Dhitang is the rubric under which all activities of Kala Bharati that relate to “Dance and the child” are carried out.
Interest in children’s work started to grow almost from the foundation of Kala Bharati. The principal objective of the Kala Bharati dance school was to teach Bharata Natya, but since it also served as a vehicle for learning about Indian culture, many parents of the Indian community started to bring their children to the school even as early as at three years of age. This obliged the teachers to develop special activities for children, based on stories from Indian epics and folk tales. Examples of culture oriented activities included greetings and ritualized salutations and observations of special days dedicated to various gods and goddesses through narration of some of their well known activities. Some activities were designed, which were judged to be useful in developing faculties that could help in learning some of the Bharata Natya movements at a later age. Examples of such activities included developing the sense of rhythm through games involving clapping and moving to cyclical beats, and developing spatial awareness through movements forming defined patterns. It was decided very early that training in proper Bharata Natya would not start before the age of 7 years. This was decided in consideration of the heavy physical requirements for doing some of the movements. It was also done in consultation with Guru U.S. Krishna Rao of Bangalore, dance guru of Kala Bharati founder Mamata Niyogi Nakra, and patron Guru of Kala Bharati.
Over the years these early activities became a regular part of the training at the school for the group called KINIKINI (3 to 6 years). As the students crossed into the above 7 groups (ADI, 7-9, MUKULA, 10-12), basic movements were introduced, simple at first, gradually increasing in complexity, taking into account the student’s physical and emotional development.

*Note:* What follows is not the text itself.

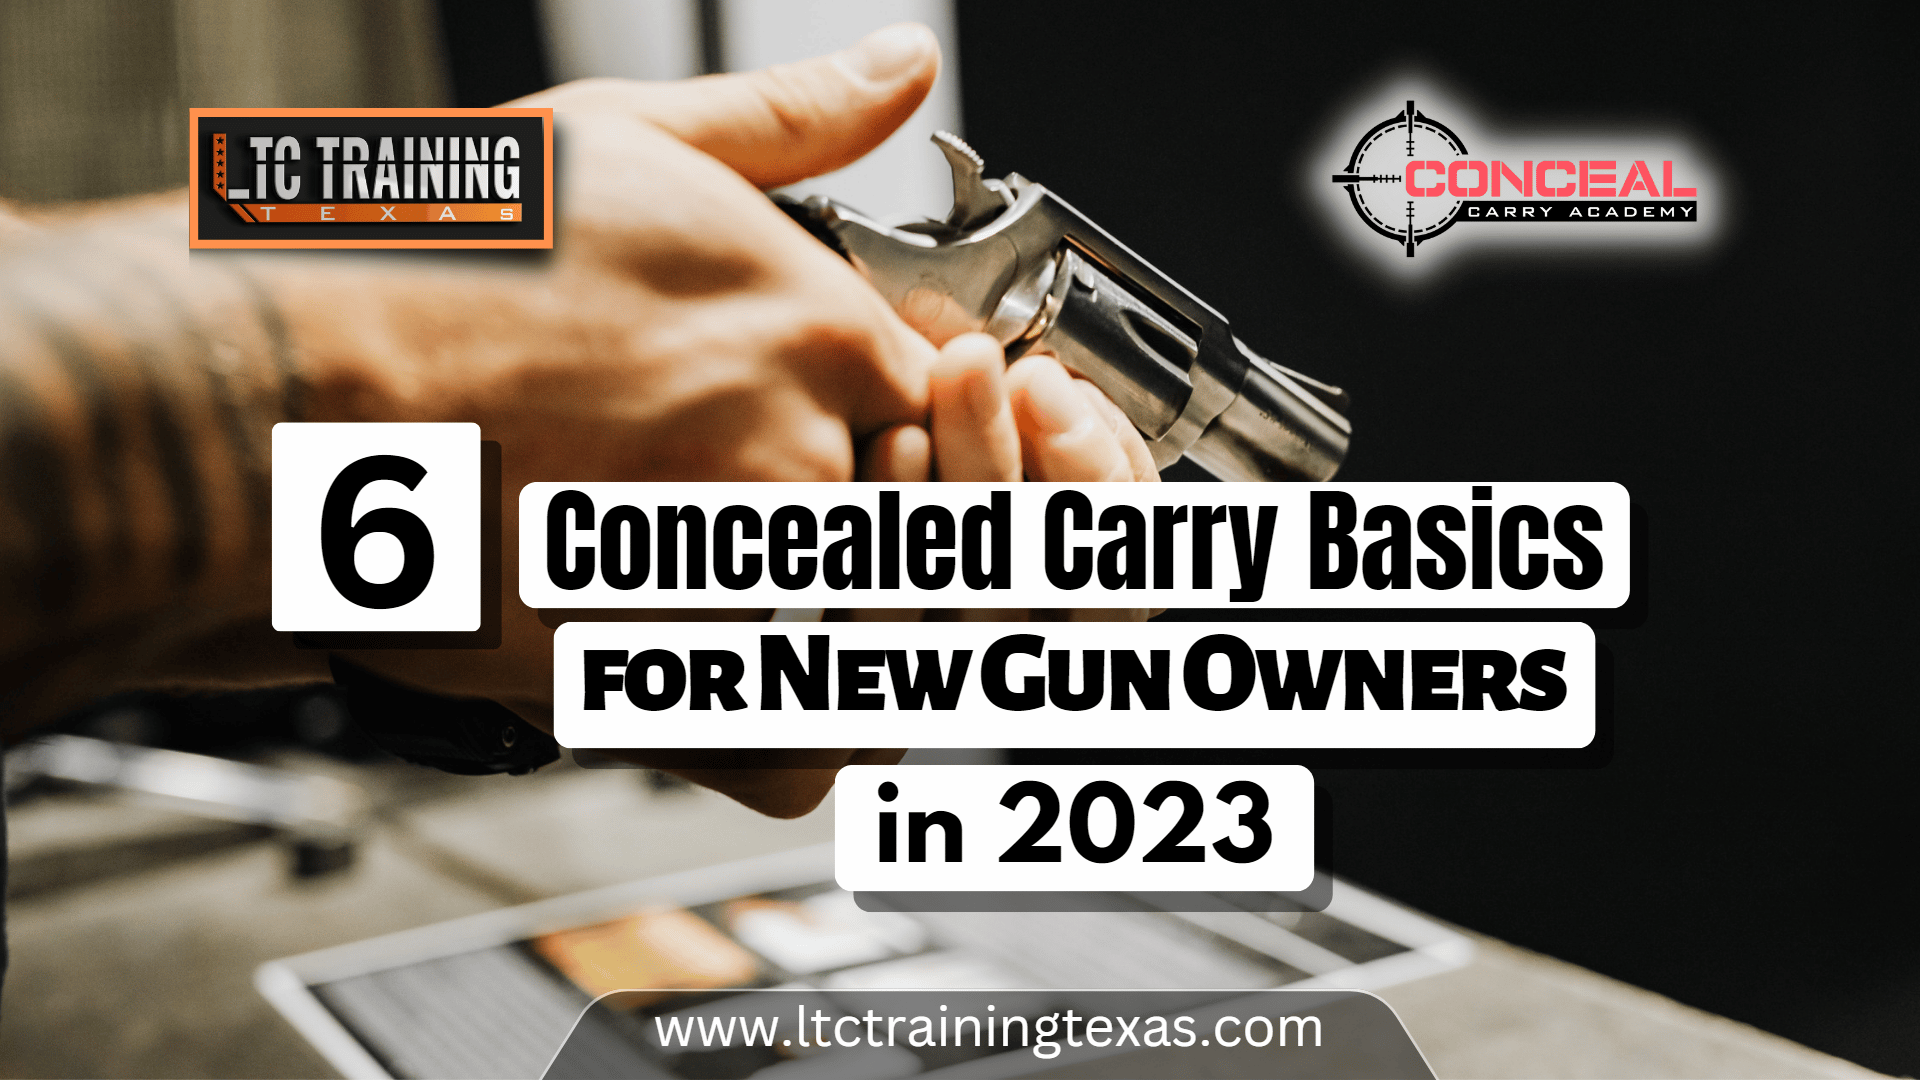 You are currently viewing 6 Concealed Carry Basics for New Gun Owners in 2023

Based on the experience of teaching over twenty years, a book has been produced called “SHISHU_SADHANA – a child-friendly Bharata Natya repertoire” by Dr. Mamata Niyogi-Nakra. The book contains a DVD showing the choreographies of all the items of a classic Bharata Natya repertoire, conceived for children. The book describes the process of conception and production and the thinking that went into it.
Beside the teaching and practice of child-friendly pieces of the dance form, research was carried out to study the value of dance in child development that has resulted in the publication of the book “PLACE FOR DANCE IN WHOLE-CHILD EDUCATION” BY Dr. Harbans Nakra.